WHAT THE EXERCISE ASKS
Go to the line that contains "Maharashtra SET Law" and transcribe from there to the end of the entries, that line and the last one included.

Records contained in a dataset
= Beginning of Section =

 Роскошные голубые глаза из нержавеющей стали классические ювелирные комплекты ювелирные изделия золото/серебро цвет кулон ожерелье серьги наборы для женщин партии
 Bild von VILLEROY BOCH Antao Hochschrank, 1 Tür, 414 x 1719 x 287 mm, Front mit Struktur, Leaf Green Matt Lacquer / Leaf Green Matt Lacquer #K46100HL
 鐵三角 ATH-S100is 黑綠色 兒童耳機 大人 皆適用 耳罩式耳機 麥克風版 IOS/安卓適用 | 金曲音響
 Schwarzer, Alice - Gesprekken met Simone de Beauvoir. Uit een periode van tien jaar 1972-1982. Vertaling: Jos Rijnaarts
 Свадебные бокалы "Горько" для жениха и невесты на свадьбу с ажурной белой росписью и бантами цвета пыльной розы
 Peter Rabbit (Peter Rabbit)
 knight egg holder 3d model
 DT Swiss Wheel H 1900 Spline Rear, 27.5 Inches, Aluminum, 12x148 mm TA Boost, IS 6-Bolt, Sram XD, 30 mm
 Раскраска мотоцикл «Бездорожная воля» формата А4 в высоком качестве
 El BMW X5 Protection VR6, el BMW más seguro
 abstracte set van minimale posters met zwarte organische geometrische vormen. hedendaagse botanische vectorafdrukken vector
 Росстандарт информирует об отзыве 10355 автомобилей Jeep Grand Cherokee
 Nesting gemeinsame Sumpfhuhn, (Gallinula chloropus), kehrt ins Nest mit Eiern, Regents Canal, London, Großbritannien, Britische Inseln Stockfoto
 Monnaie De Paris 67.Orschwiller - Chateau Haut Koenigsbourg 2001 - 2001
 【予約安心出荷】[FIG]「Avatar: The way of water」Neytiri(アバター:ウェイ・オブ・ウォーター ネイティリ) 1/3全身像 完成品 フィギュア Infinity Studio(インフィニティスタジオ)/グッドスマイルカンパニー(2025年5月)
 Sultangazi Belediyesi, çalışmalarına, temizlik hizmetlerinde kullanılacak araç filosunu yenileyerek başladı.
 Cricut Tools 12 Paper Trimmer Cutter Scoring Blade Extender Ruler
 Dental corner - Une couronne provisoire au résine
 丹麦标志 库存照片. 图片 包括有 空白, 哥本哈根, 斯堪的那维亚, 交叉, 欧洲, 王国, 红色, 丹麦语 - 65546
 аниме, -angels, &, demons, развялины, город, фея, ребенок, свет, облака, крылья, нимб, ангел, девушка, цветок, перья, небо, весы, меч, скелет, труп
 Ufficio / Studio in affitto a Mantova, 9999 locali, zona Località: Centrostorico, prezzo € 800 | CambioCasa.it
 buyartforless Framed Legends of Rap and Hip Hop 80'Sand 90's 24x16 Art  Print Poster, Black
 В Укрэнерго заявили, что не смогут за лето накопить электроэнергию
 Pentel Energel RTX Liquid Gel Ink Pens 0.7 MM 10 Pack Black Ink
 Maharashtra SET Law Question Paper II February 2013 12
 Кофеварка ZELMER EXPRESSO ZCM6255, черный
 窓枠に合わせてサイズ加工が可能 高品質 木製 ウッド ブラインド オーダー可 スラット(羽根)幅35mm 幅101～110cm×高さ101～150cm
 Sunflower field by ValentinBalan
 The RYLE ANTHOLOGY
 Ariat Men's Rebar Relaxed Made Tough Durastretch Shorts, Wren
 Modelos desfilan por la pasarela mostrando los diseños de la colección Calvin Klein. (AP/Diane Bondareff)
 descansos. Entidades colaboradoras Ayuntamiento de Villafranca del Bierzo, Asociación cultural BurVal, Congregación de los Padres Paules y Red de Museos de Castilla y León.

= End of Section =

TASK RESULT
 Maharashtra SET Law Question Paper II February 2013 12
 Кофеварка ZELMER EXPRESSO ZCM6255, черный
 窓枠に合わせてサイズ加工が可能 高品質 木製 ウッド ブラインド オーダー可 スラット(羽根)幅35mm 幅101～110cm×高さ101～150cm
 Sunflower field by ValentinBalan
 The RYLE ANTHOLOGY
 Ariat Men's Rebar Relaxed Made Tough Durastretch Shorts, Wren
 Modelos desfilan por la pasarela mostrando los diseños de la colección Calvin Klein. (AP/Diane Bondareff)
 descansos. Entidades colaboradoras Ayuntamiento de Villafranca del Bierzo, Asociación cultural BurVal, Congregación de los Padres Paules y Red de Museos de Castilla y León.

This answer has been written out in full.